Yesterday's bowl of popcorn intrigued me. I began to examine the popped kernels, and a thought occurred to me: each kernel pops in its own unique way; and no matter how many times you make popcorn, you will never replicate the shapes or configurations of the pieces in exactly the same way. Trying to replicate a large bowl of popcorn in exactly the same configuration of each popped kernel is, in my opinion, and I am not naïve about mathematics, not just improbable, it is literally impossible.
One piece was quite interesting; it actually looked a bit like a tiny figure of a person. I let my imagination soar, and in a flight of fancy, I saw that popcorn transfigure into me. There I was, breathing, thinking, looking around and watching other pieces gradually transmute into various other familiar things. Soon I forgot I was pretending: I was looking at myself, marveling at the peculiar specialness of my very existence. Surely, I thought, I couldn't have happened as some random accident in an indifferent nature, like so many other random occurrences: I was too damn special!
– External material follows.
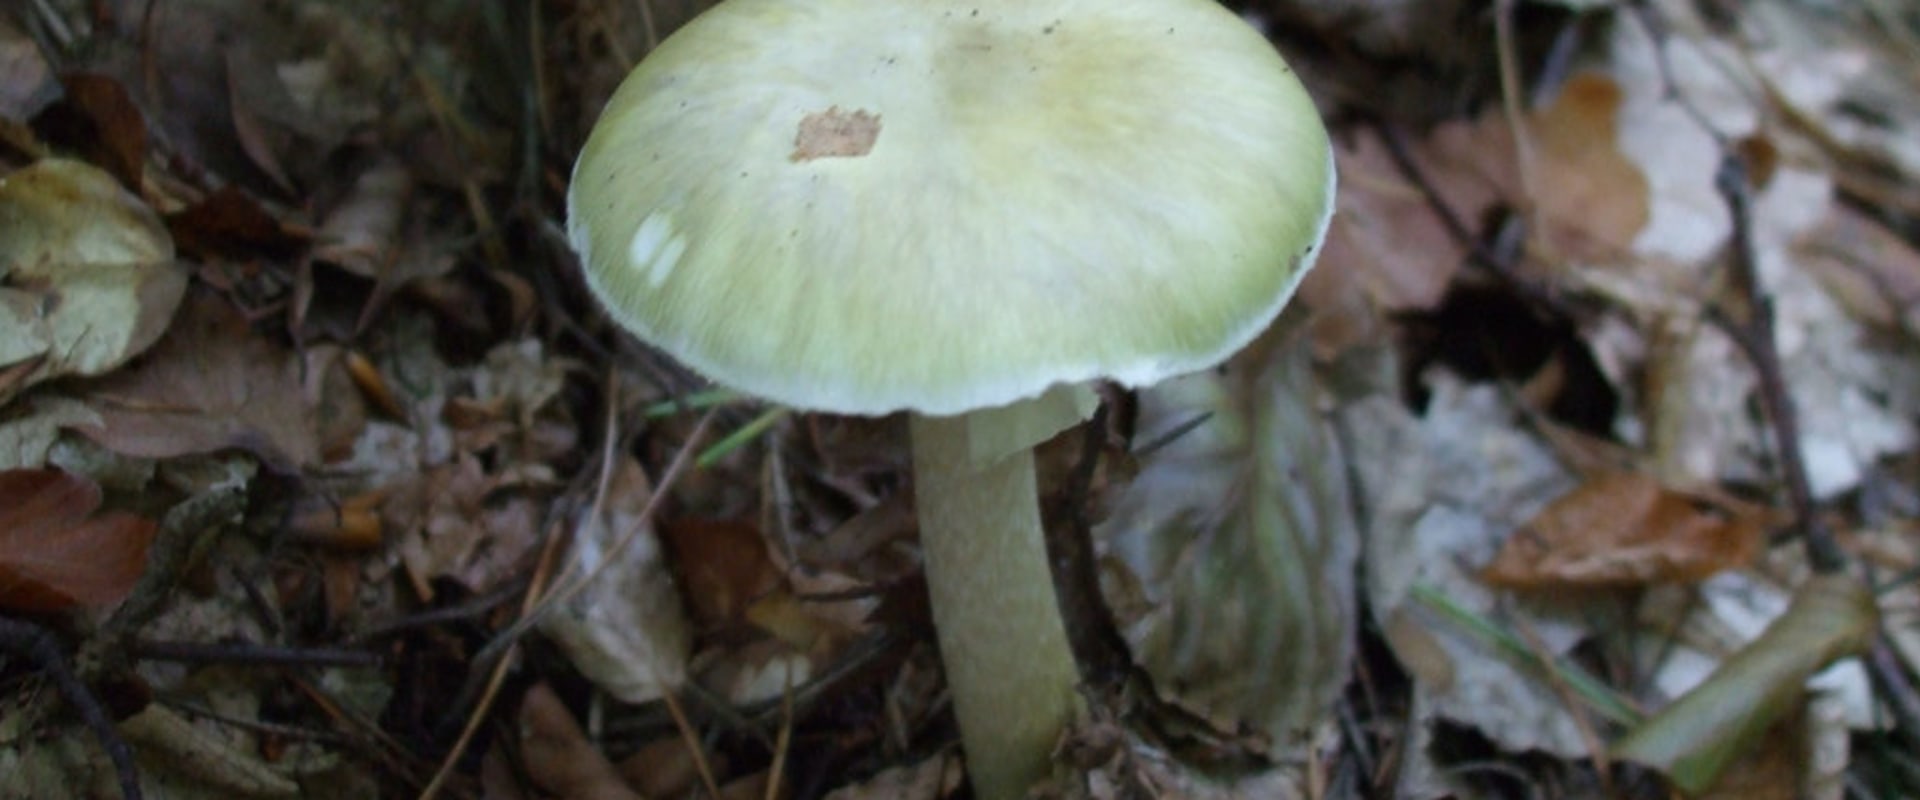 Kun je paddenstoelen eten uit je achtertuin?

I was convinced that there had to have been some design, some architecture, behind the scheme of things, so finely tuned for such an infinitely unlikely event to have taken place.
But there was a nagging suspicion in my mind: Wouldn't in any other randomly popped batch of popcorn, if some of the popped kernels had the ability to think, have thought the same way as I was thinking! They would also have concluded that they were special creations whose improbable existence must have been the end result of a purposeful design by some master architect; some divine unknown!
Besides, I thought, when some event happens at random for the first time, thinking of the probability factor of it having happened is a mathematical mistake: It has already happened. But we can try to calculate the probability factor of events only when we assign a set of expected results, which would take the randomness out of the equation.
However, in spite of all that, I remained content, convinced of my unique existence and proud of my specialness! To rationalize that, I concluded that the designer/creator must be there, somewhere, even if invisible and untouchable by me. But another thought began to bother me: If everything has a designer/creator, then who or what designed the creator?! Simple, I thought; the original designer is the kind of designer that does not require its own designer: and that must be that; otherwise, the chain becomes endlessly long, which is unacceptable when everything has a beginning!
A sudden thunderclap brought me out of my hallucinatory excursion. I was back in the real world, but with a new perspective of the reality of our existence.
It was comforting to read in the Google News on my computer that astrophysicists now believe that the Andromeda galaxy is not going to collide with our Milky Way galaxy, which was originally predicted to happen in eight or ten billion years from now. So, with a sigh of relief, I decided to go to bed.